La senatrice De Petris propone di mandare i poliziotti a scuola di non violenza. E il web esplode…
L’idea è della senatrice Loredana De Petris (Liberi e uguali), che ha presentato un apposito disegno di legge (n. 77) in Senato per “l’inclusione della conoscenza e dell’addestramento all’uso delle risorse della nonviolenza nell’ambito dei percorsi didattici per l’istruzione, la formazione e l’aggiornamento del personale delle forze di polizia”. La notizia sta ovviamente facendo discutere e ha suscitato, specialmente sul web, una vera e propria esplosione di critiche e commenti sfavorevoli. Tra le motivazioni addotte dalla senatrice per giustificare un progetto di legge siffatto, c’è la considerazione che “Da diversi anni si assiste a episodi esecrabili che nel linguaggio dei media vengono indicati come “morti di Stato”. Sono storie di fermati dalle forze dell’ordine e successivamente deceduti, come i casi eclatanti di Stefano Cucchi, Federico Aldovrandi, Giuseppe Uva, Michele Ferrulli, Carlo Saturno, solo per rimanere a quelli che hanno avuto una maggior risonanza mediatica”. Problema per il quale, secondo la senatrice, “si pone in modo forte e urgente la necessità di dotare le forze dell’ordine delle cognizioni e degli strumenti che l’ormai vasto campo di ricerche e di esperienze della nonviolenza mette a disposizione, poiché in situazioni critiche ciò può “fare la differenza” e finanche contribuire a salvare delle vite”.
Per quanto riguarda la risposta da parte dei diretti interessati, al momento si registra il commento del segretario generale del Sap (Sindacato autonomo di polizia), Stefano Paoloni: “La De Petris, evidentemente, non ha cognizione alcuna di ciò che accade in mezzo alla strada quotidianamente e durante le manifestazioni. Chi ha bisogno di essere educato non è certo il professionista della sicurezza come il poliziotto, addestrato quotidianamente per garantire l’ordine e la sicurezza pubblica. Forse ci vorrebbe una legge e un corso per rieducare e disarmare i manifestanti violenti. Non rispettano la legge e i poliziotti che in quei momenti hanno il dovere di farla rispettare e, spesso, anche se colti e arrestati in flagranza, all’indomani sono già liberi”. “Chi sbaglia è giusto che paghi”, prosegue Paoloni, “ci affidiamo alla correttezza della giustizia, ma è impensabile che l’intera polizia di Stato abbia bisogno dei corsi indetti da certa politica che tutela e legittima ideologicamente e moralmente i violenti. Perché invece non si pensa a dotare le forze dell’ordine di strumenti che limitino il contatto fisico, perché non accettare la nostra proposta di installare telecamere su divise, auto di servizio e celle di sicurezza? Le telecamere non perdonano nessuno e servono la verità. Ma forse questo non conviene, perché lì dove c’è la verità, non si può mettere alla gogna il poliziotto e trarne benefici”.

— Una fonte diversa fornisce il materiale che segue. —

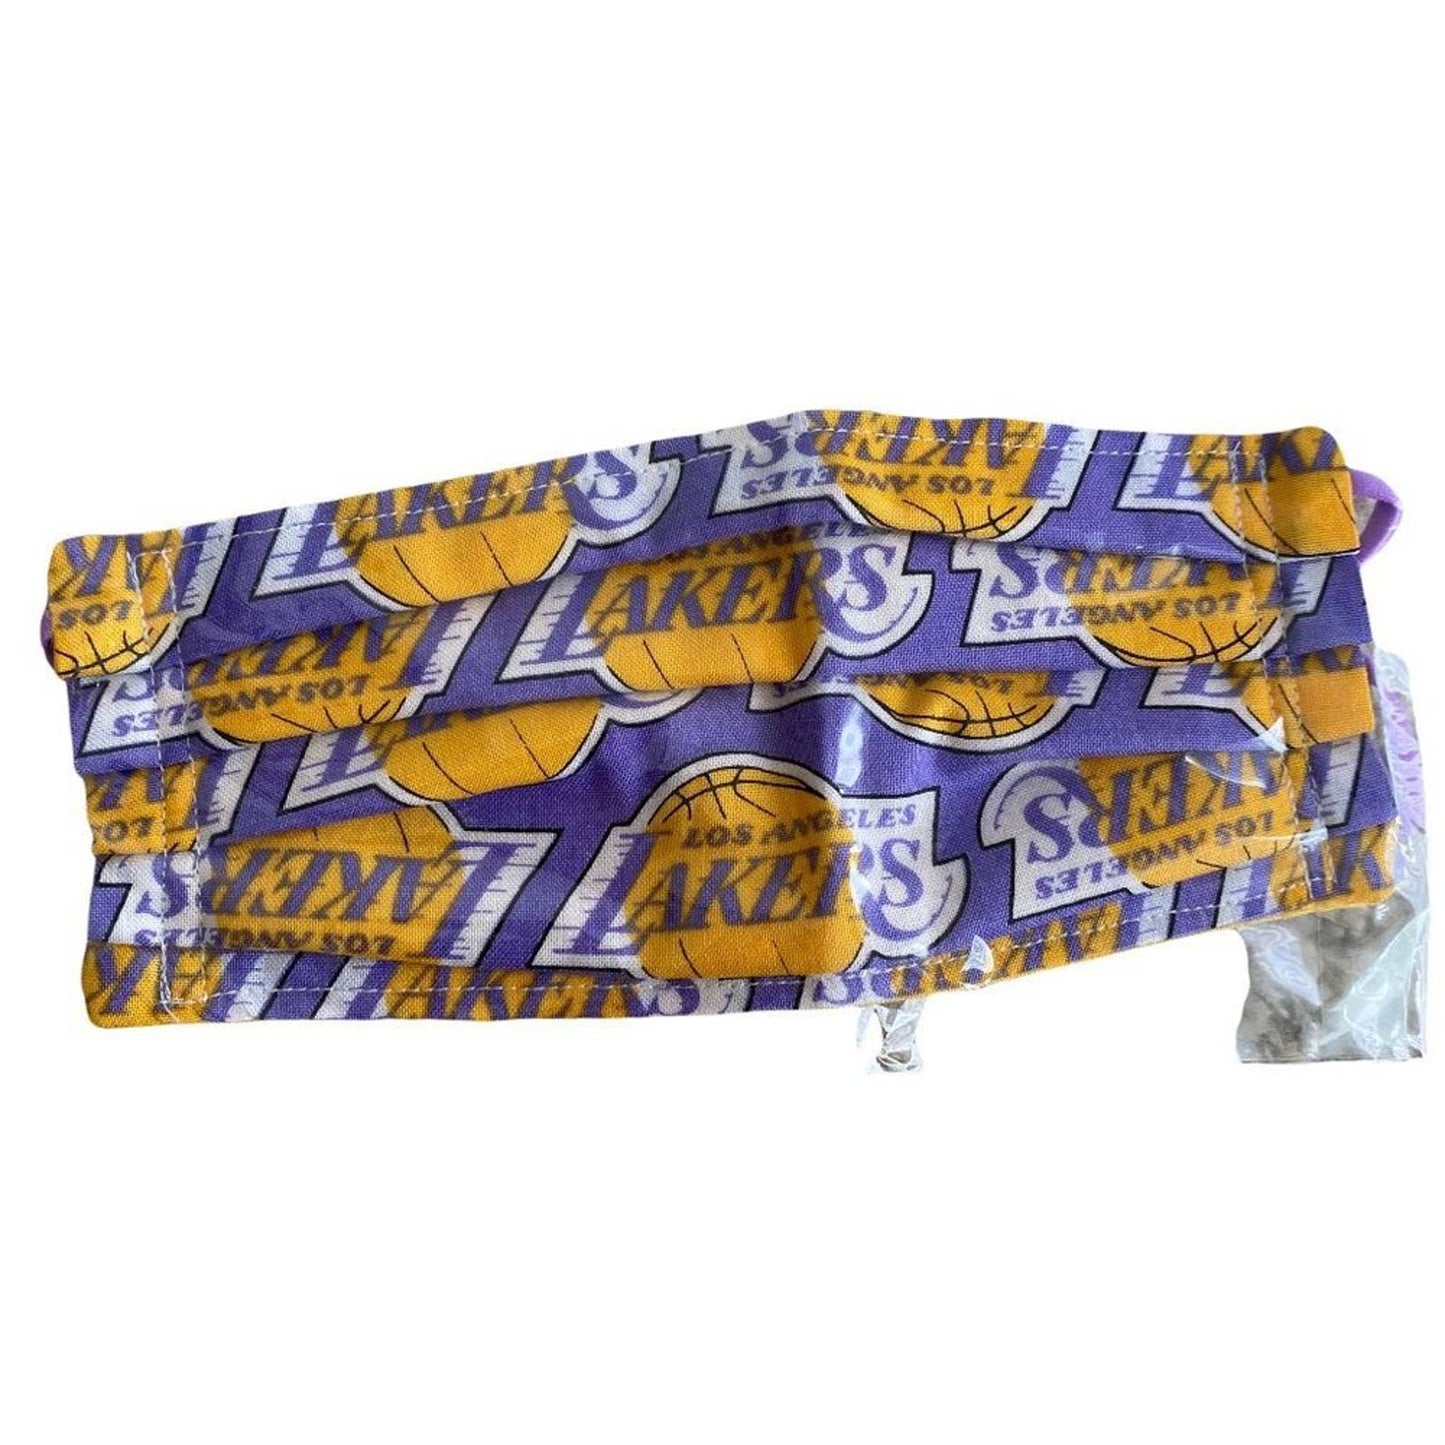 Los Angeles Lakers sz One size purple yellow team sport face mask NWT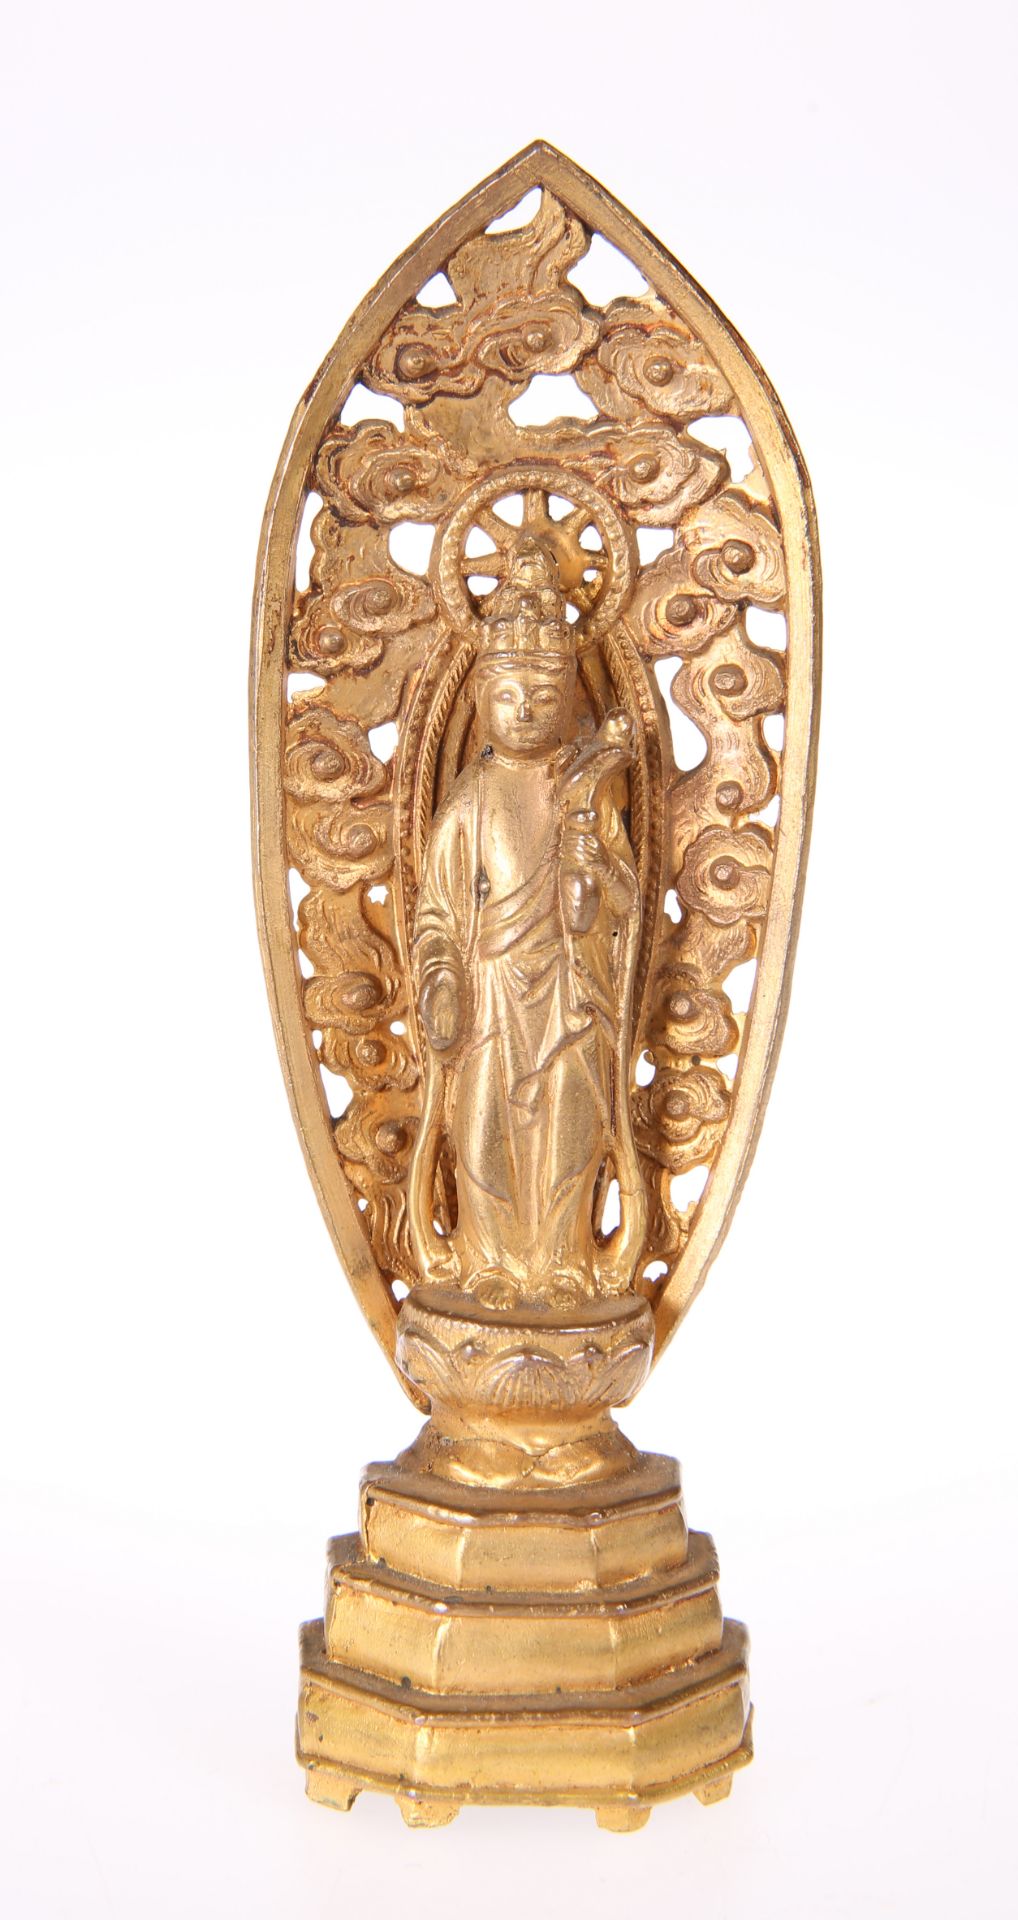 A CHINESE GILT-BRONZE FIGURE OF BUDDHA, 19TH CENTURY, modelled standing on a lotus plinth and

Per parte nostra, non possiamo fare a meno di sottolineare come le nostre forze dell’ordine siano rimaste per anni prive di qualsivoglia strumento di autodifesa alternativo rispetto alle nude mani o all’arma d’ordinanza: solo da pochi anni è stata autorizzata la distribuzione degli spray antiaggressione che, tuttavia, è ancora ben lungi dall’essere generalizzata e solo nelle ultime settimane si sta iniziando a parlare di una sperimentazione in seno all’arma dei carabinieri del Taser, con un ritardo di anni, se non decenni, rispetto agli altri Paesi europei.